Researchers implemented multifaceted improvements to the algorithmic architecture to address the challenge of balancing model accuracy with computational speed. Common strategies include incorporating attention mechanisms such as Convolutional Block Attention Module (CBAM), Squeeze-and-Excitation (SE), and Efficient Channel Attention (ECA) to enhance the model’s focus on key features of clutter, or adopting feature pyramids (FPN) and variants like Path Aggregation Network (PANet) and Bidirectional Feature Pyramid Network (BiFPN) to enhance small object detection performance and improve multi-scale feature fusion capabilities [24,25,26,27]. Recently, the Detection Transformer (DETR) has demonstrated superior potential compared to traditional CNNs in handling dense occlusions and complex backgrounds, owing to its unique self-attention mechanism that effectively captures global contextual information within images [28]. However, the original DETR model suffers from slow training convergence and high computational demands during inference, making it difficult to meet the real-time requirements of industrial online detection [29]. Baidu’s Real-Time Detection Transformer (RT-DETR) successfully achieves real-time detection speeds surpassing the YOLO series [30] by employing an efficient hybrid encoder and an uncertainty-minimizing query selection mechanism, while preserving the Transformer’s global perception advantages.

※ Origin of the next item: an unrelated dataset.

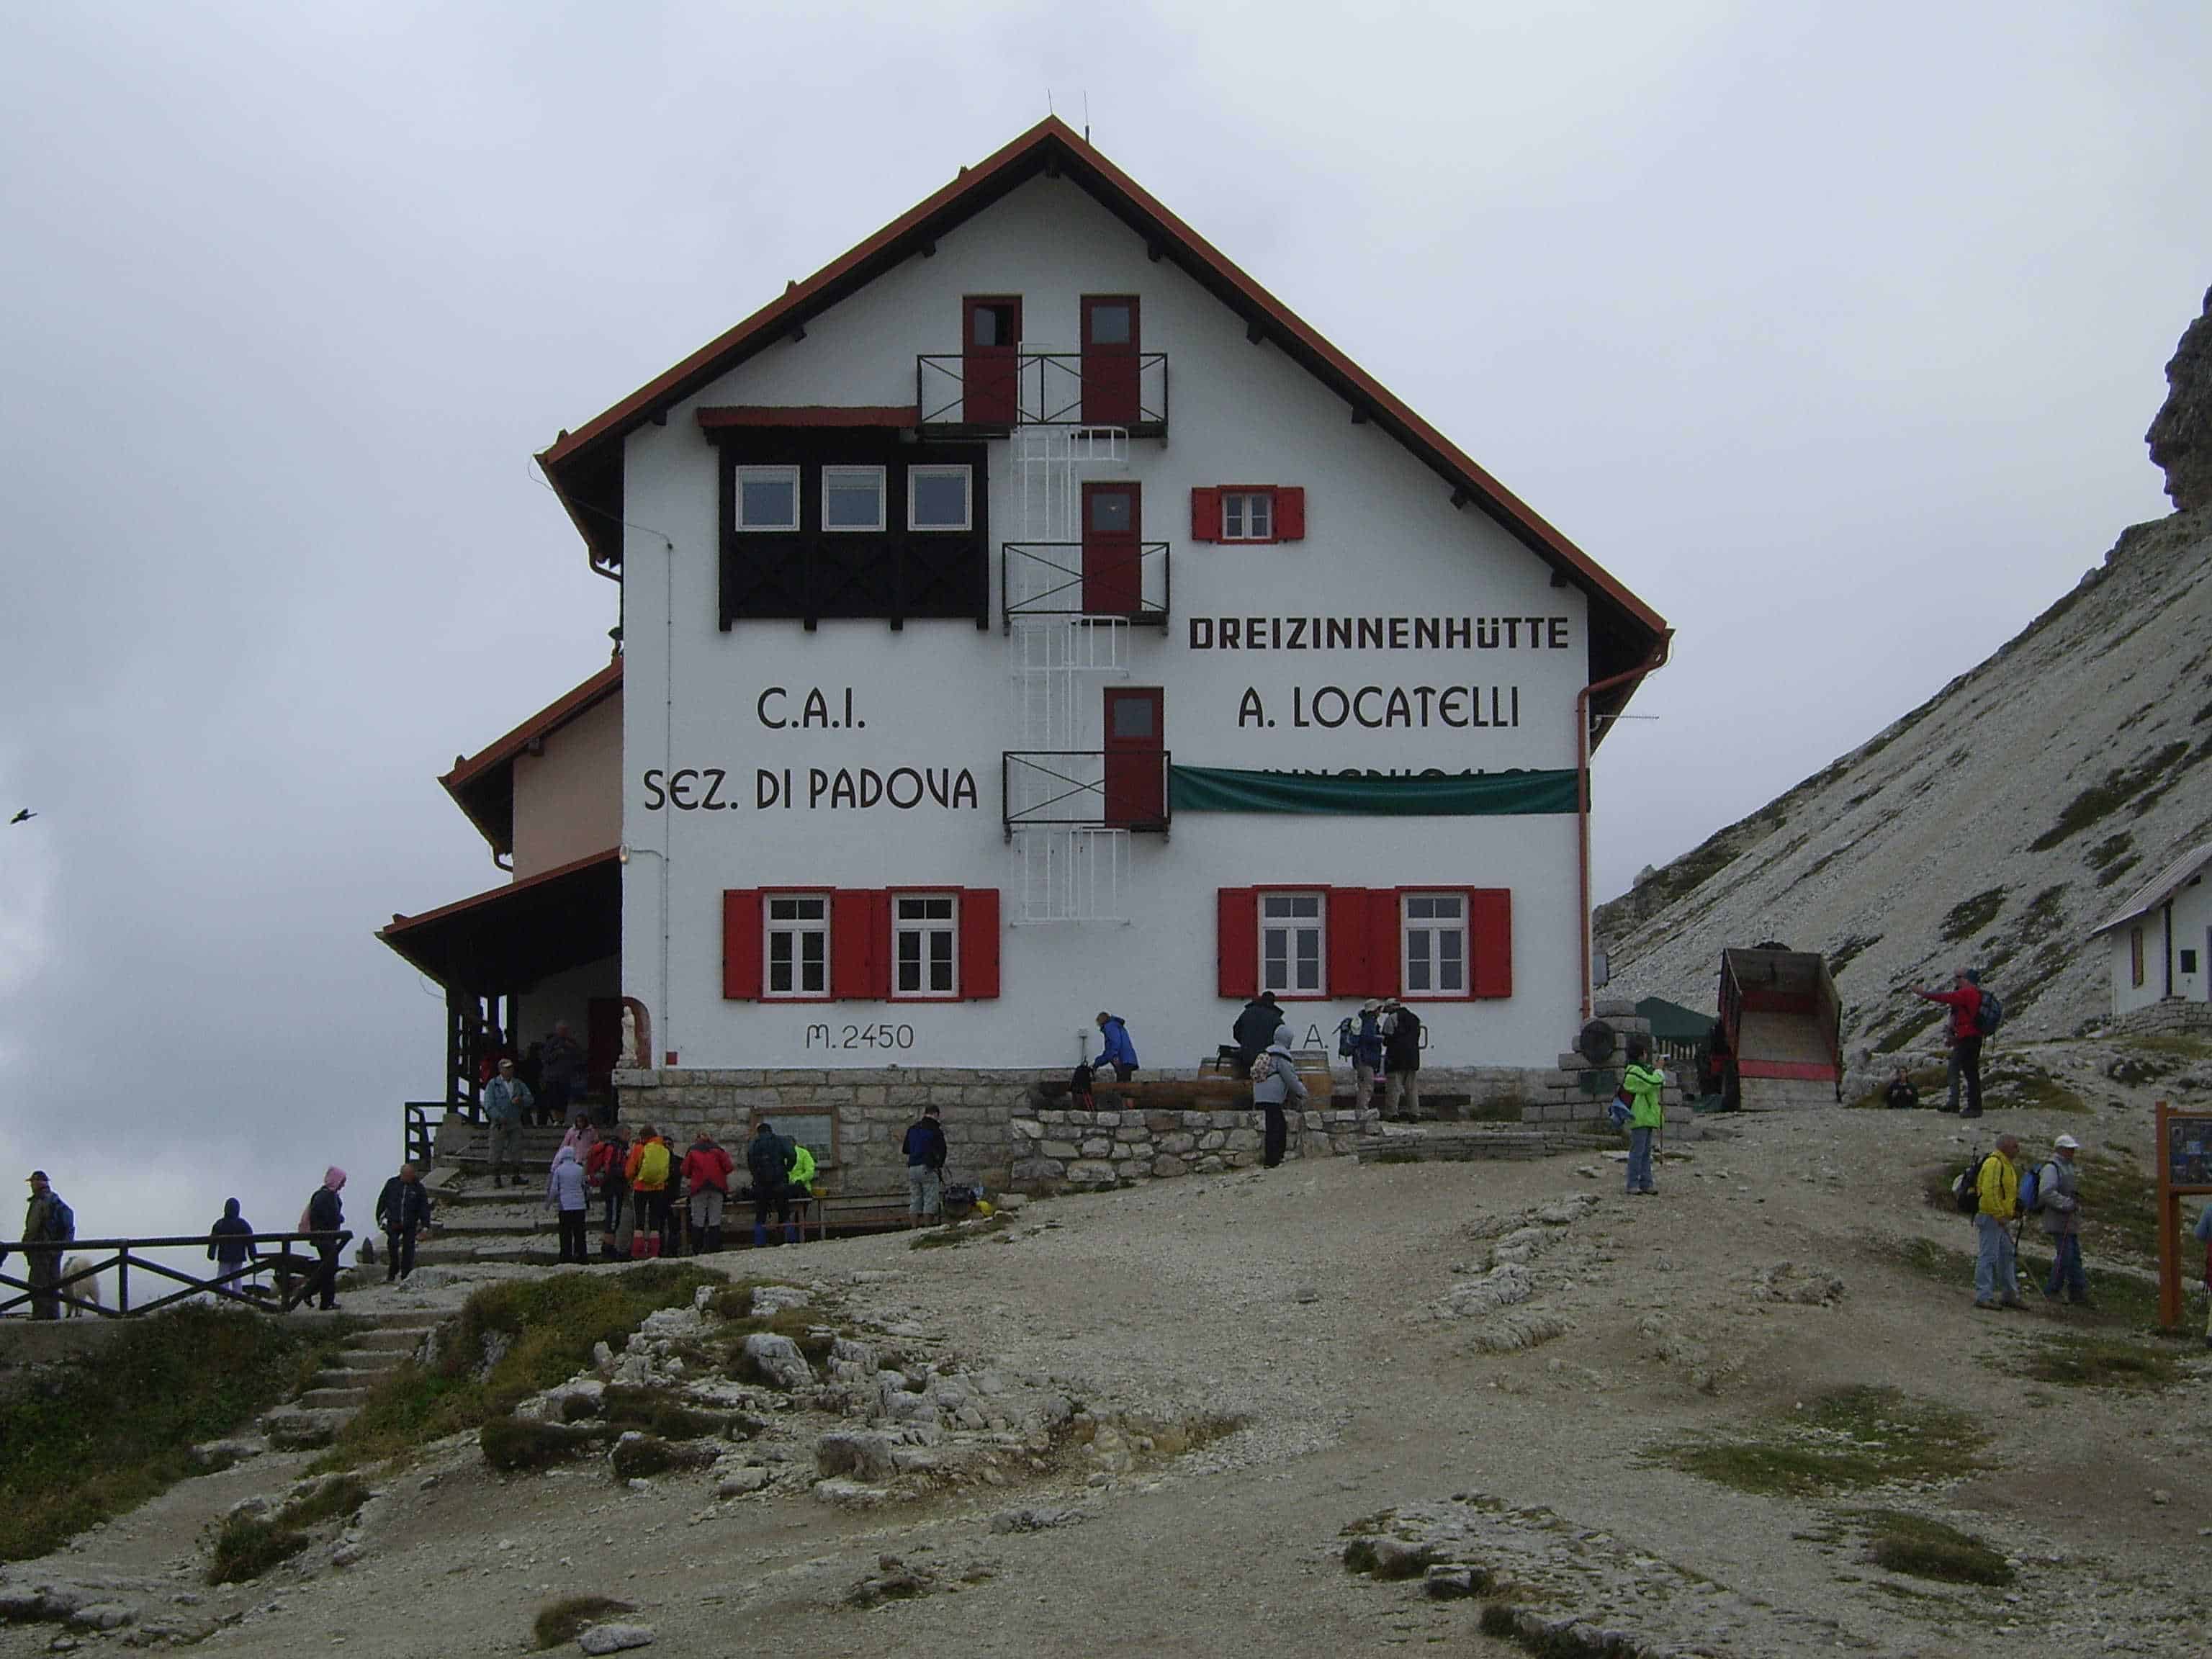 Dreizinnenhütte / Sexten Dolomity
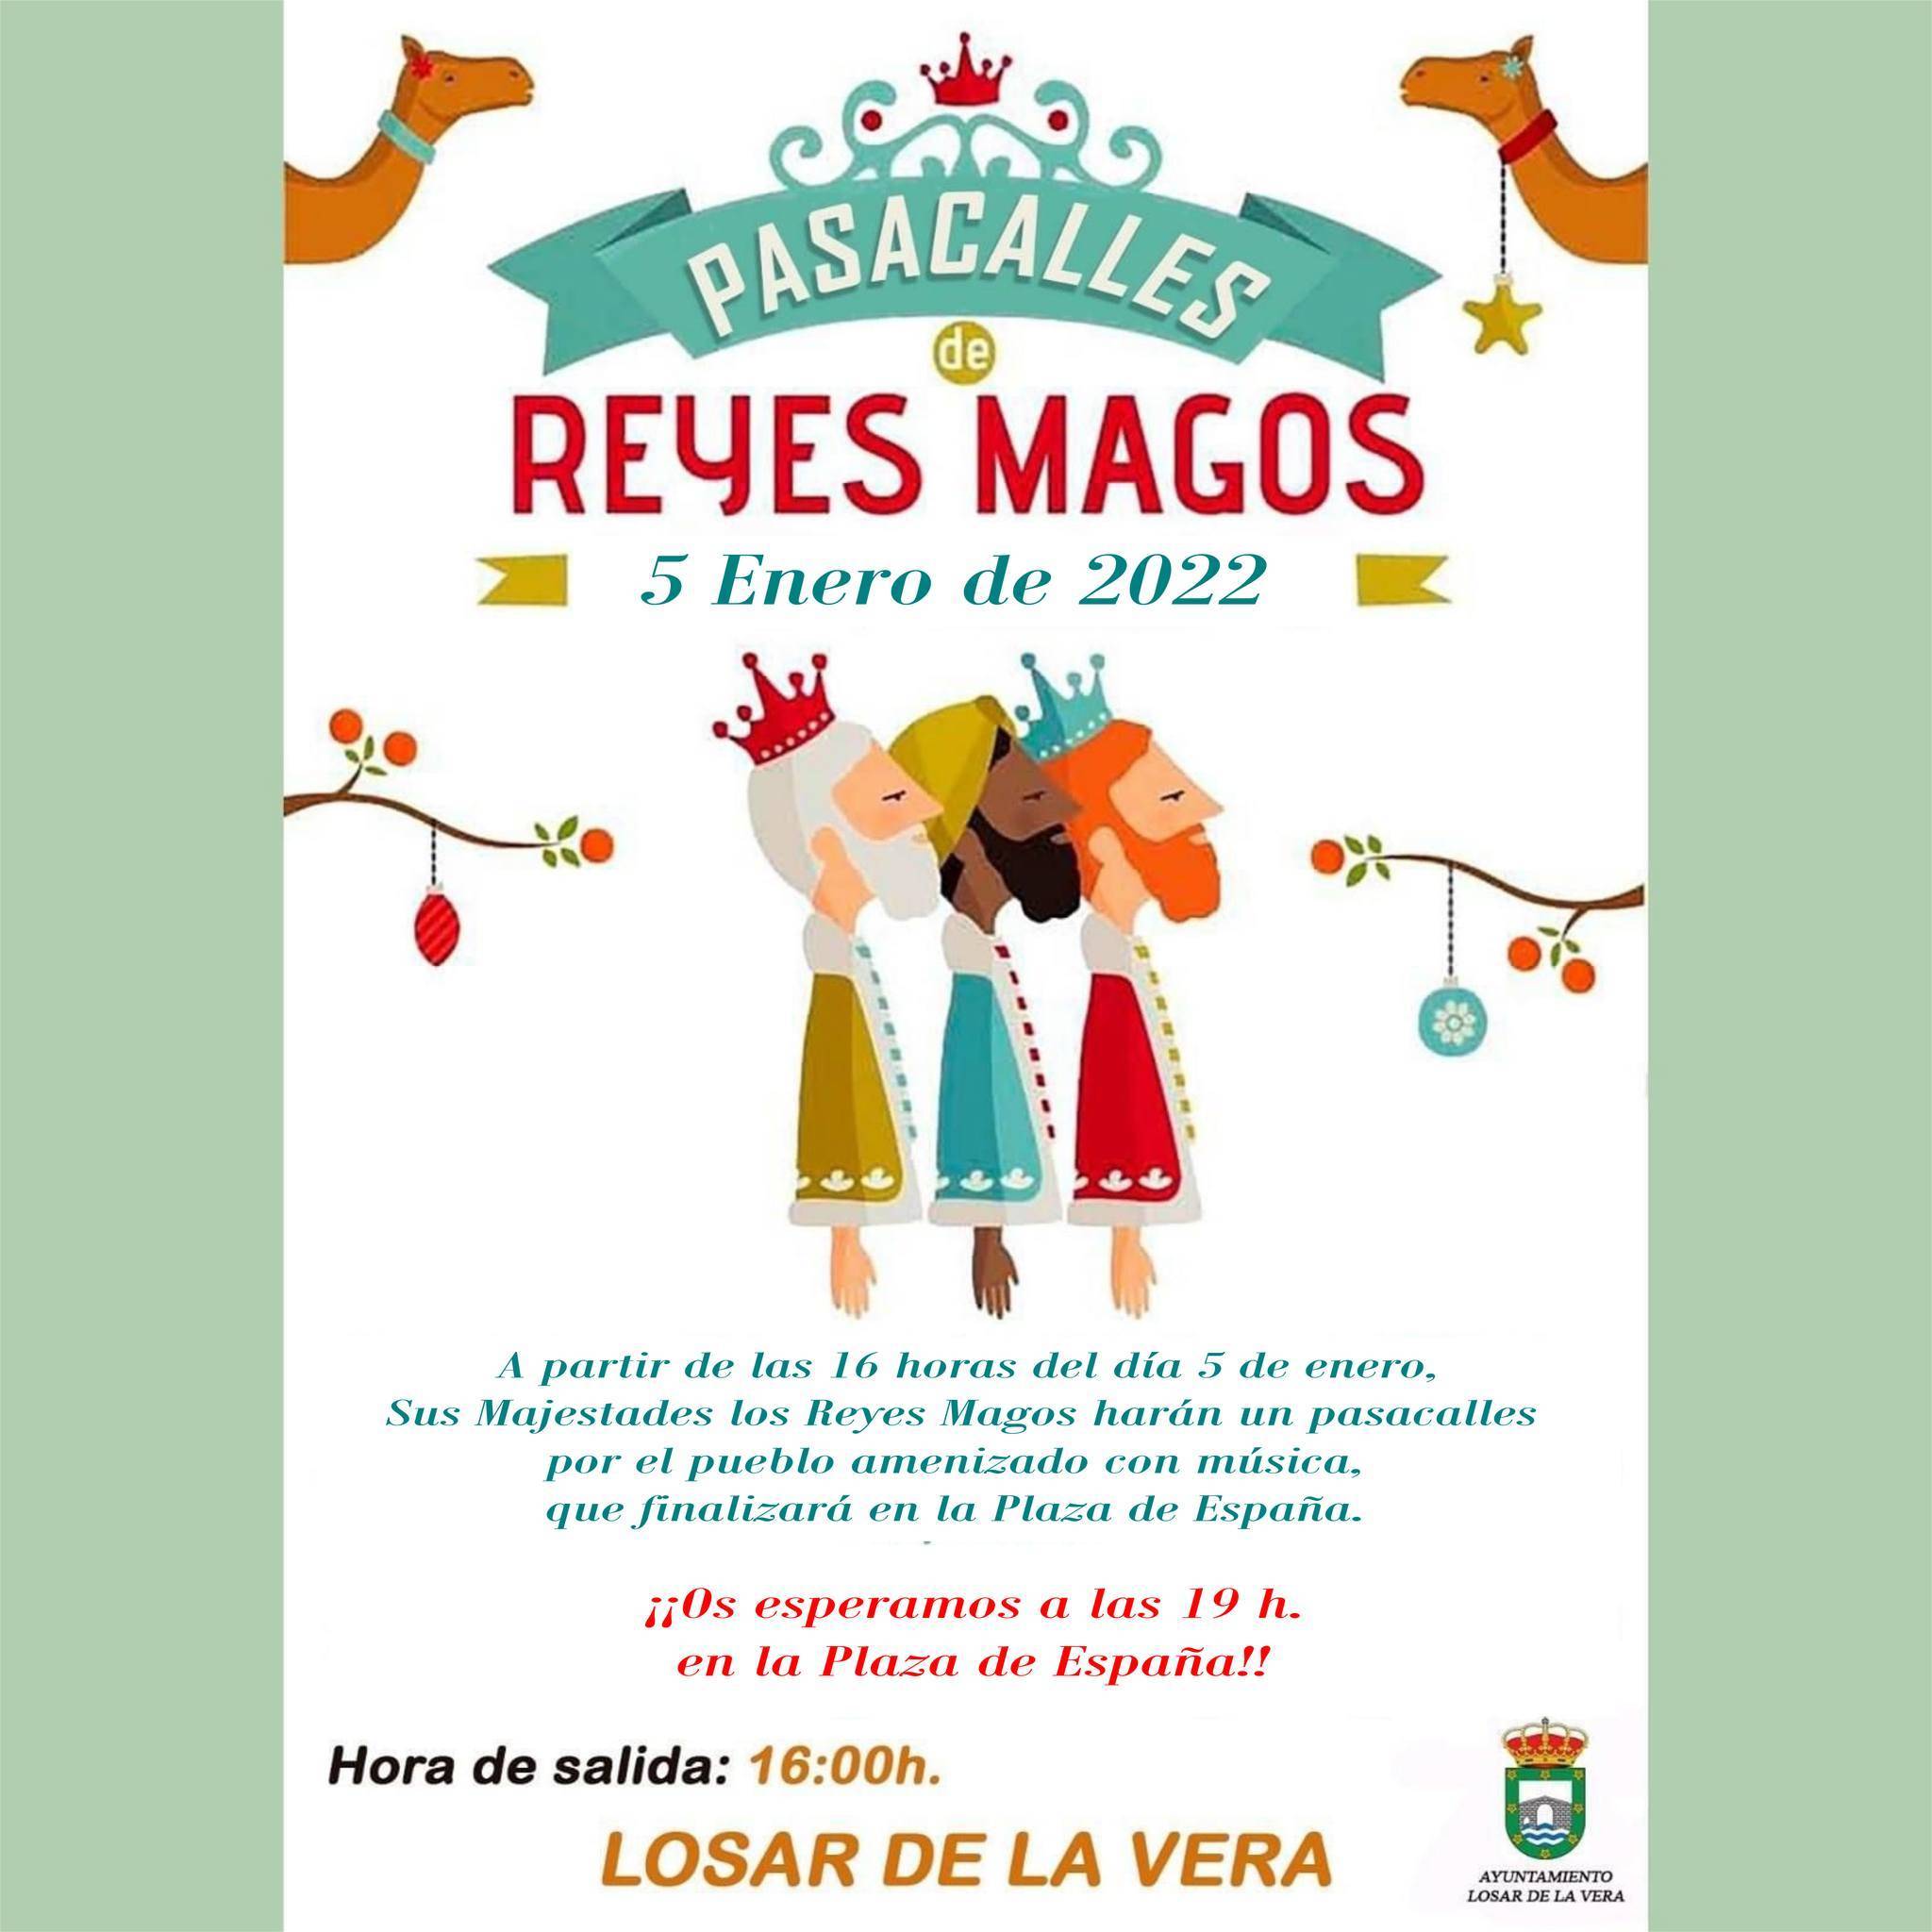 Pasacalles de Reyes Magos (2022) - Losar de la Vera (Cáceres)

While RT-DETR has been shown to demonstrate excellent performance on a variety of datasets, its direct application to corn impurity detection necessitates targeted optimization to address the characteristics inherent to agricultural scenarios, such as the diverse shapes of impurities and complex backgrounds [31,32,33]. To address these challenges, this paper proposes RT-DETR-CD, an enhanced version of the RT-DETR model for corn impurity detection. Its main contributions are threefold:

(1): Introducing receptive field attention convolutions (RFAConv) into the main model enhances sensitivity to local texture details, improving feature extraction capabilities for small irregular impurities.
(2): Replacing the conventional bilinear upscaling commonly used in the neck region with the dynamic upscaling operator DySample, which preserves high-frequency edge information while improving detection performance for slender and transparent objects.
(3): An Inner-Shape-IoU loss function is proposed to accelerate bounding box regression and improve localization accuracy for objects with varying aspect ratios. Experiments on a custom dataset demonstrate that this model achieves enhanced accuracy and real-time performance compared to mainstream detectors.

2. Materials and Methods

Samples of Wan Nuo 2000 corn with a moisture content of approximately 25% were produced at the Shangzhuang Experimental Station of China Agricultural University and stored in a refrigerator. The experiment utilizes an industrial camera (Model: BFS-U3–51S5C-C, manufactured by FLIR, Inc., Wilsonville, OR, USA) combined with a ring LED light (RI15045-W, produced by OPT-Machine, Dongguan, China) to simulate actual production scenarios.

2.1. Data Collection, Processing, and Enhancement

The images were captured using Spinnaker 2.6.0.160 software (FLIR Systems, Inc., Wilsonville, OR, USA) and an industrial camera, yielding 750 raw corn images containing impurities. These impurities included substandard corn kernels, corn husks, corn stalks, corn cobs, weeds, gravel, and glass fragments. The corn kernels and impurities in the images were annotated using the LabelImg annotation tool (v1.8.1). Images were randomly divided into training, validation, and test sets, maintaining a ratio of 4:1:1 [34]. All images were annotated by two trained annotators using LabelImg, and all labels were independently reviewed by a third expert to ensure consistency and accuracy. Any discrepancies were resolved through discussion. Table 1 shows the types and quantities of labeled samples.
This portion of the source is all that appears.